The overall differences in metabolites among the three groups of sausages are shown in Fig. 7c. The metabolites of the three groups of sausages were uniformly distributed in different regions, with good repeatability of metabolites within groups and greater variability of sausages between groups. The PLS-DA model indicates a significant difference in metabolites among the three groups of sausages. The most significant metabolic differences in the fermentation of binary and ternary pork crossbred sausages in comparison with Pure Bamei pork sausage focused on lipid metabolism, which is consistent with the results of the changes in the composition of MUFAs and PUFAs in crossed pork sausages during fermentation.
KEGG pathway enrichment analyses are shown in Fig. 2S and Fig. 3S. The results further revealed that the differential metabolite pathways between binary pork and Pure Bamei pork sausages were involved in sesquiterpene biosynthesis, leucine biosynthesis, and fatty acid elongation processes. The differential metabolite pathways between ternary pork and Pure Bamei pork sausages were mainly associated with linoleic acid metabolism, sesquiterpenes and triterpenes, and unsaturated fatty acid biosynthesis. PUFAs, such as linoleic acid, which are abundant in foods, play key roles in inflammation regulation, cellular signaling, and metabolic functions (Badawy et al., 2023). Additionally, ethyl acetate, amyl furan esters, siderophores, and terpenes are important flavor compounds in sausages, significantly contributing to their flavor profile (Zhang et al., 2020).
In the comparative metabolite analysis between ternary crossbred pork and Pure Bamei pork sausages, a significant increase in the content of phosphorylated mevalonic acid (MVPP) was observed. MVPP is a crucial intermediate in the synthesis of terpene precursors isopentenyl diphosphate (IPP) and dimethylallyl diphosphate (DMAPP), which play a significant role in the biosynthesis of terpenoids (Wang et al., 2023). The elevation of MVPP content is contribute to the generation of terpenes (Bian et al., 2017).
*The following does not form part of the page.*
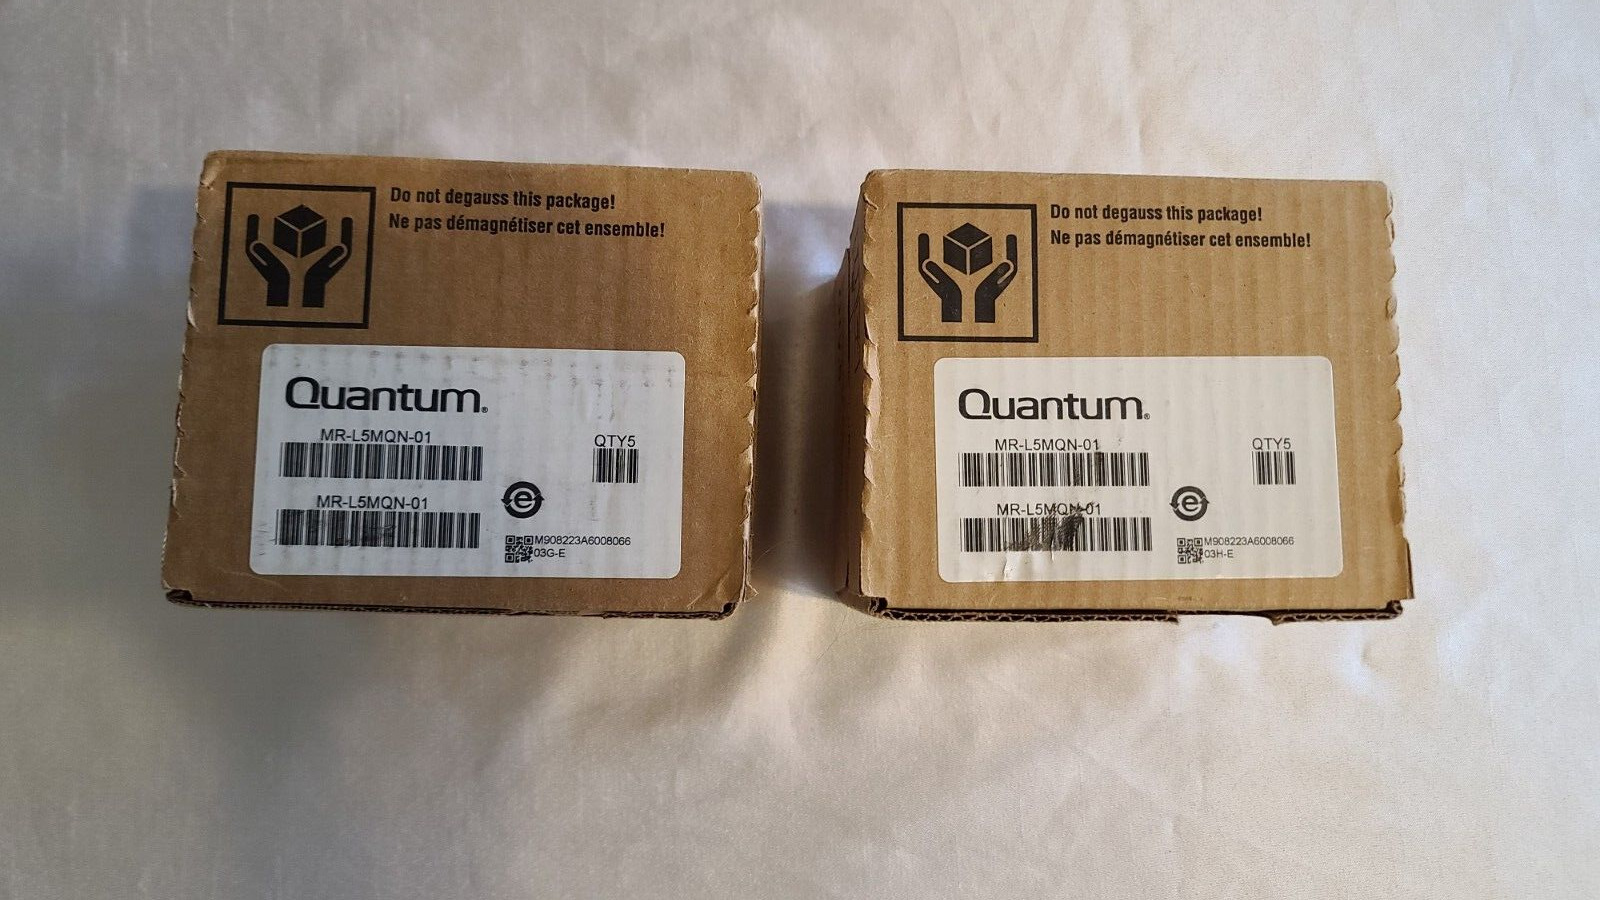 2 x 5-PACK Quantum LTO-5 Tape MR-L5MQN-01 Data Storage Cartridges - New In Box

In the detection of volatile flavor compounds, specific terpenoid compounds were detected only in the ternary crosscred pork sausages with elevated MVPP content. The MVPP pathway originates from acetyl-CoA (Tetali, 2019), a central metabolite generated through fatty-acid metabolism. The terpenoid production pathway is speculated in Fig. 7d. The higher content of PUFAs in ternary crossbred pork sausages, which are easily oxidized due to their numerous unsaturated double bonds to generates acetyl-CoA, providing a foundation for the synthesis of MVPP. MVPP then synthesizes IPP and DMAPP, the common precursors for all terpenes. The condensation of these compounds can form various monoterpene precursors, which can synthesize different monoterpene compounds, such as sabinene, terpinolene, as well as cedrene, cedarene, and other sesquiterpenes.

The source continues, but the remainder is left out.